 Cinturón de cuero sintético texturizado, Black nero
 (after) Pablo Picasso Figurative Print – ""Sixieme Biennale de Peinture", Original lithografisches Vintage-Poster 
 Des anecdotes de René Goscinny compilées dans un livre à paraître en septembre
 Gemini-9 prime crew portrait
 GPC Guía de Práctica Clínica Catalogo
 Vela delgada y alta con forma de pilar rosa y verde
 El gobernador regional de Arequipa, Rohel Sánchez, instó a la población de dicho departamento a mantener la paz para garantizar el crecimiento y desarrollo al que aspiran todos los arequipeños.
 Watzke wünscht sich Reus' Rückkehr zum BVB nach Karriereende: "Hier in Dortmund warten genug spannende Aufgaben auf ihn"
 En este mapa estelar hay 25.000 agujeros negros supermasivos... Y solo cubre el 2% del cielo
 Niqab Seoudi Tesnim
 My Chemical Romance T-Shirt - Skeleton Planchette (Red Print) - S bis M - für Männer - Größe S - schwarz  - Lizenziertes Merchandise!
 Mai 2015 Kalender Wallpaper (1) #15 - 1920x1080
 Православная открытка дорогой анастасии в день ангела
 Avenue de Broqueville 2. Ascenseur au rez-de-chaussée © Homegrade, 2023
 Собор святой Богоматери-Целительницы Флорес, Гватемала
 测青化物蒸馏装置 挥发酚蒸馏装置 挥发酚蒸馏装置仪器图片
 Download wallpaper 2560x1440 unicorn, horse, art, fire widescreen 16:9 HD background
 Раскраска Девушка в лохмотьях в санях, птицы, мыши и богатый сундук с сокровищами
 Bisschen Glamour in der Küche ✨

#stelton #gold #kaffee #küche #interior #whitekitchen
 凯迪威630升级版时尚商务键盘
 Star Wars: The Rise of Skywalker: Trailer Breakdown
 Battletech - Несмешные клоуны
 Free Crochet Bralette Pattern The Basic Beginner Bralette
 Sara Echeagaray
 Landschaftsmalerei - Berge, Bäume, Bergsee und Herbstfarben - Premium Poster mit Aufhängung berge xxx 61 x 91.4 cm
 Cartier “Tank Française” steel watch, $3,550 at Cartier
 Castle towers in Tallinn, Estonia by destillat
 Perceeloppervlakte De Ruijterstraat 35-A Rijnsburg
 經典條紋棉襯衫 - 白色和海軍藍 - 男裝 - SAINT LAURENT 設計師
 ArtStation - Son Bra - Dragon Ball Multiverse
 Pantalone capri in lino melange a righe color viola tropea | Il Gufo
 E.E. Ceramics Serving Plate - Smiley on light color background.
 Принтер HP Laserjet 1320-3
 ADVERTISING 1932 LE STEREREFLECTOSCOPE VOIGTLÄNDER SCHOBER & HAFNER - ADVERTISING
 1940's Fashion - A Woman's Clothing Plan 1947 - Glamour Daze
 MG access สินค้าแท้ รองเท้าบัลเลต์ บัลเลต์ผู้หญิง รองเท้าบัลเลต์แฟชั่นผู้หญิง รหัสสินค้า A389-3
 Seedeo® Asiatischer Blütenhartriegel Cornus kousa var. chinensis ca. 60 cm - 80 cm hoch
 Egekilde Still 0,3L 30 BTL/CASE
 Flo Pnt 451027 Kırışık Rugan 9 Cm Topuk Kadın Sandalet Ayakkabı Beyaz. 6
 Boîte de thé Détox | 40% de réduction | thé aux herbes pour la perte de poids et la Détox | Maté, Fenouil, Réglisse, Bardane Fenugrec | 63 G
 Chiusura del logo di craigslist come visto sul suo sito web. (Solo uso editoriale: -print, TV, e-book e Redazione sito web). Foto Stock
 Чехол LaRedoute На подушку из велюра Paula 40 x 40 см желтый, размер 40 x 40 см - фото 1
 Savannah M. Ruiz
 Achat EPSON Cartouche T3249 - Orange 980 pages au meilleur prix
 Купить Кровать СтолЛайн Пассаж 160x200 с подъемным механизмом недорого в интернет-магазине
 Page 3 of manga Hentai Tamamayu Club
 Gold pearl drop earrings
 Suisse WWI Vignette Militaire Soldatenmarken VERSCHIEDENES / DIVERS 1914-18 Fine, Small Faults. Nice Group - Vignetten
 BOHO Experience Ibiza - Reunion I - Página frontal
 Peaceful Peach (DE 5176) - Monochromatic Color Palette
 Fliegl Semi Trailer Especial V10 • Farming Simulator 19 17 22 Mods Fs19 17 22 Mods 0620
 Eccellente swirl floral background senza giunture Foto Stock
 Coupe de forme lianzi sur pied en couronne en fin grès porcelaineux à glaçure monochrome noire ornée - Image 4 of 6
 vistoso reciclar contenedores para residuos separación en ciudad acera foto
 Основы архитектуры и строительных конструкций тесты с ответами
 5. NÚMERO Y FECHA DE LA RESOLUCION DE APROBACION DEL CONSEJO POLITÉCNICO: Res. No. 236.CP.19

Exercise goal = For the word "Stock", report how many lines of the records contain it; respond with the number only.

Worked solution = 2